Sounds reasonable. Except that the bug proves we didn't.
If you are right that service_outstanding_interrupt can race againts
itself (and I don't doubt that), then I guess this could also happen
between failure to submit the URB and clearing the flag?
>> As for the XMM behaviour: it's been a long time since I tried any of
>> those, but AFAIR one the major differences compared to Qualcomm was the
>> strict queue handling in the firmware. This caused a number of problems
>> where the cdc-wdm driver wanted to skip a message for some reason. So
>> I'm not surprised that a bug like this is triggered by one of those
>> modems. That's probably the only thing they are good for :-)
>
> I am not sure where exactly the issue lies here. Suggestions for
> debugging?
Nothing more than the obvious; Get one of those modems and do some
usbmon snooping.
Bjørn
On 15.04.24 11:26, Bjørn Mork wrote:
> Oliver Neukum <[email protected]> writes:
>> On 15.04.24 08:47, Bjørn Mork wrote:
>>
>>> urb from service_outstanding_interrupt(). That's why it was added. See
>>> the explanation Robert wrote when introducing it:
>>> https://git.kernel.org/pub/scm/linux/kernel/git/torvalds/linux.git/commit/drivers/usb/class/cdc-wdm.c?id=c1da59dad0ebd3f9bd238f3fff82b1f7ffda7829
>>
>> Well, the explanation is correct in that we must read
>> data available. However, if the RESPONDING flag is set
>> and the URB submitted, we are already doing so.
>
> Sounds reasonable. Except that the bug proves we didn't.
Why? I am afraid I do not get that part.
> If you are right that service_outstanding_interrupt can race againts
> itself (and I don't doubt that), then I guess this could also happen
> between failure to submit the URB and clearing the flag?
Yes, it can. In fact in this case the behavior should not change.
I am afraid we have a misunderstanding. It seems to me that in the
unchanged driver the result of service_outstanding_interrupt()
is undefined.
Please explain.
Regards
Oliver
On Mon, Apr 15, 2024 at 11:26:00AM +0200, Bj?rn Mork wrote:
> Oliver Neukum <[email protected]> writes:
> > On 15.04.24 08:47, Bj?rn Mork wrote:
> >
> >> urb from service_outstanding_interrupt(). That's why it was added.
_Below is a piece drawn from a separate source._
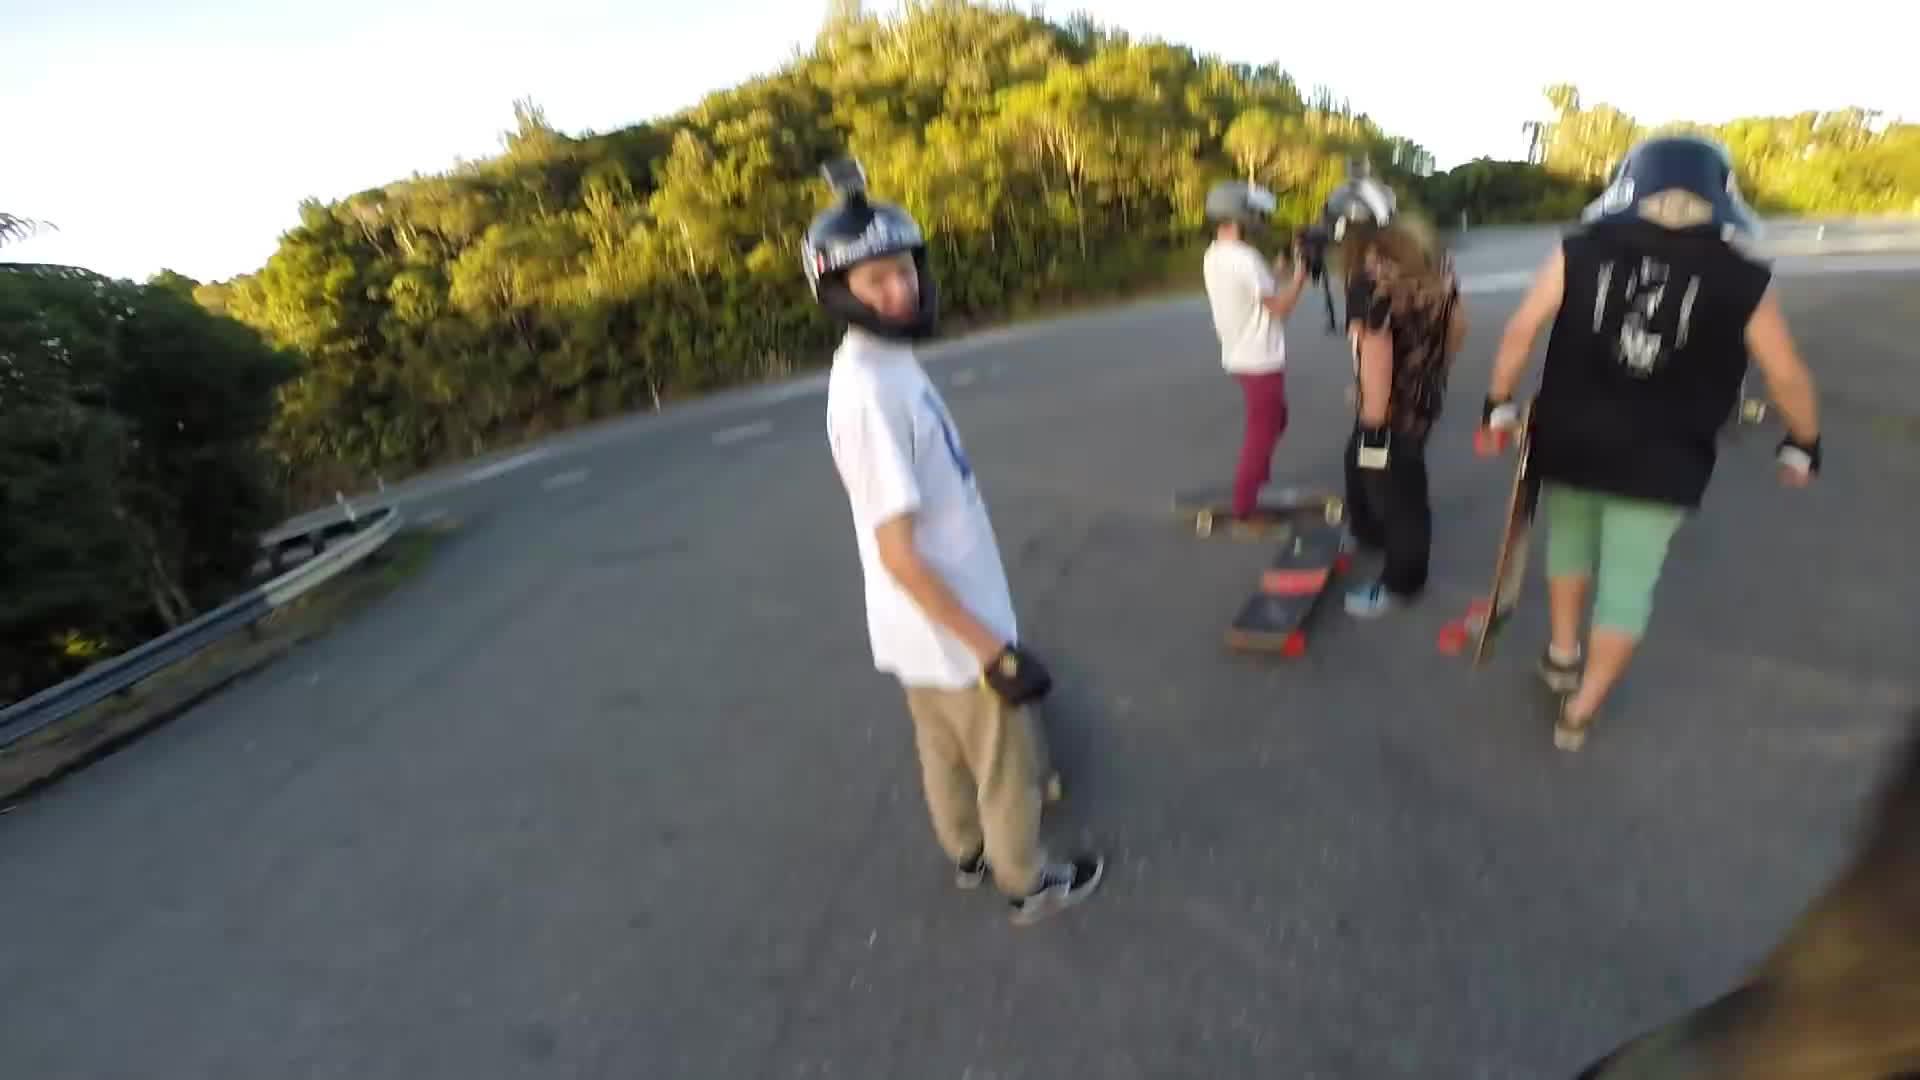 downhill, longboarding, redditisfun, Longboarding: MUKA RAW (1080p 60fps) GIFs

See
> >> the explanation Robert wrote when introducing it:
> >> https://git.kernel.org/pub/scm/linux/kernel/git/torvalds/linux.git/commit/drivers/usb/class/cdc-wdm.c?id=c1da59dad0ebd3f9bd238f3fff82b1f7ffda7829
> >
> > Well, the explanation is correct in that we must read
> > data available. However, if the RESPONDING flag is set
> > and the URB submitted, we are already doing so.
>
> Sounds reasonable. Except that the bug proves we didn't.
>
> If you are right that service_outstanding_interrupt can race againts
> itself (and I don't doubt that), then I guess this could also happen
> between failure to submit the URB and clearing the flag?
>
> >> As for the XMM behaviour: it's been a long time since I tried any of
> >> those, but AFAIR one the major differences compared to Qualcomm was the
> >> strict queue handling in the firmware. This caused a number of problems
> >> where the cdc-wdm driver wanted to skip a message for some reason. So
> >> I'm not surprised that a bug like this is triggered by one of those
> >> modems. That's probably the only thing they are good for :-)
> >
> > I am not sure where exactly the issue lies here. Suggestions for
> > debugging?
>
> Nothing more than the obvious; Get one of those modems and do some
> usbmon snooping.
So for now, should we just revert this problem commit?
thanks,
greg k-h
Oliver Neukum <[email protected]> writes:
> On 15.04.24 11:26, Bjørn Mork wrote:
>> Oliver Neukum <[email protected]> writes:
>>> On 15.04.24 08:47, Bjørn Mork wrote:
>>>
>>>> urb from service_outstanding_interrupt(). That's why it was added. See
>>>> the explanation Robert wrote when introducing it:
>>>> https://git.kernel.org/pub/scm/linux/kernel/git/torvalds/linux.git/commit/drivers/usb/class/cdc-wdm.c?id=c1da59dad0ebd3f9bd238f3fff82b1f7ffda7829
>>>
>>> Well, the explanation is correct in that we must read
>>> data available. However, if the RESPONDING flag is set
>>> and the URB submitted, we are already doing so.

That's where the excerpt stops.